3.2.4 Machine learning model SHAP explainable

To directly display the weights of each feature variable and its predictive values of the ET model, SHAP (Shapley Additive exPlanations) algorithms were performed to visualize variables. The SHAP summary plot contained average SHAP values of variables and a representation of each feature’s contribution with SHAP values. The top 20 feature variables were acute kidney failure, transfusion albumin, vasoactive drugs, transfusion plasma, transfusion platelet, INR_max, PT_max, AIMS65 score, PT_mean, APTT_max, APACHE-II score, bilirubin_max, diabetes, INR_mean, bilirubin_mean, GCS score, APTT_min, INR_min, APTT_mean, and bilirubin_min.

The SHAP feature importance plot indicated top 20 feature variables weight of the optimal ET model in mortality prediction (Figure 3A). In the SHAP summary plot, each point represents the SHAP value of corresponding feature variable for given sample (Figure 3B). Similarly, points trending toward red color indicate higher feature values, while those approaching blue color denote lower feature values.

Figure 3

Figure 3. SHAP explainable of the extra trees prediction model. (A) The SHAP feature importance plot; (B) the SHAP summary plot; (C) the ML explainability of positive patient; (D) the ML explainability of negative patient.

3.2.5 Machine learning explainability for patients

The SHAP explains model predictions by quantifying feature contributions, visualized via waterfall plots. The positive patient was randomly selected in Figure 3C. The base value of the ET model is E f(x) = 0.05, the patient transfusion albumin, corresponding to f(x) = 0.11; patient had acute kidney failure, corresponding to f(x) = 0.09. Similarly, other feature variables correspond to f(x) values. As described in Figure 3C, the final f(x) was 0.936; therefore, the patient was positive case representative.

Similarly, the negative patient was randomly selected in Figure 3D. The base value of the ET model is E f(x) = −0.25, and the patient did not transfusion albumin, corresponding to f(x) = −0.04; patient had no diabetes, corresponding to f(x) = −0.03. Similarly, other feature variables correspond to f(x) values. As described in Figure 3D, the final f(x) was 0.04; therefore, the patient was negative case representative.
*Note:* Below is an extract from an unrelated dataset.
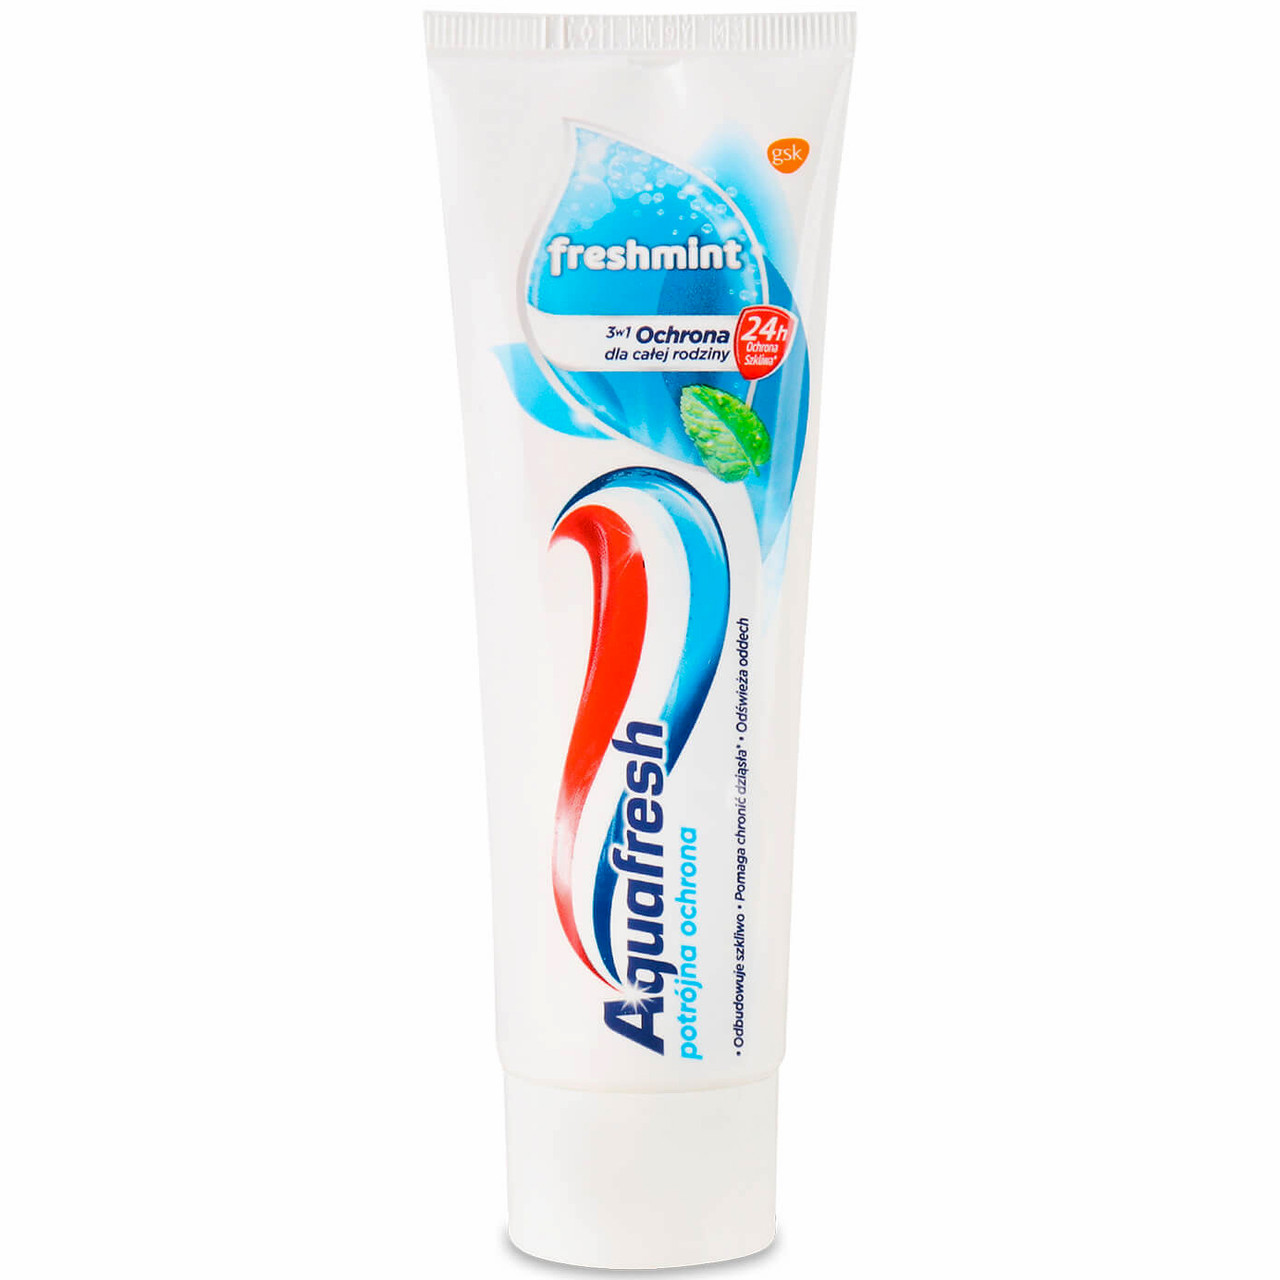 Зубна паста Aquafresh Freshmint 75 мл

3.3 Acute non-variceal gastrointestinal bleeding patients machine learning model

3.3.1 Clinical characteristic and predictor screening

The study identified 2,425 patients with acute non-variceal gastrointestinal bleeding through ICD code verification. Based on clinical outcomes, 1969 patients (81.2%) were stratified into survival group, and 456 patients (18.8%) were classified into non-survival group. The clinical characteristic of demographics, medical history, previous history, intervention measures, vital sign, related scores, and laboratory results are compared in Table 5.

Table 5

Table 5. Feature characteristics of ANGIB patients in survival and non-survival groups.

The variceal bleeding study initially evaluated 92 candidate variables, with 70 demonstrating statistically significant associations (p < 0.001) upon rigorous screening. The feature variable selection results are presented in Table 4. To enhance the sensitivity of the ML model, we only incorporated 70 variables with p < 0.001.

3.3.2 Machine learning model construction and evaluation

Hybrid approaches combining SMOTE-ENN and ADASYN techniques were employed to simultaneously address data imbalances. Subsequently, 12 ML algorithms were adopted to select the optimal ML models. The dual validation strategy incorporating both 5-fold cross validation (Table 6) and independent validation (Table 7) serves as robust safeguard against overfitting by providing multiple performance estimates and maintaining completely unseen data for final evaluation.

Table 6

Table 6. 5-fold cross-validation of ML models prediction performance for ANGIB patients.

Table 7

Table 7. Independent validation of ML models prediction performance for ANGIB Patients.

Through comprehensive evaluation of key parameters (including accuracy, precision, recall, and F1-score), the Gradient Boosting model exhibited excellent prediction performance with AUC of 0.985 ± 0.002, accuracy of 0.948 ± 0.009, precision of 0.949 ± 0.009, recall of 0.968 ± 0.009, and F1-score of 0.959 ± 0.007, respectively. Thus, GB model demonstrated superior performance and was consequently selected as the excellent predictive framework.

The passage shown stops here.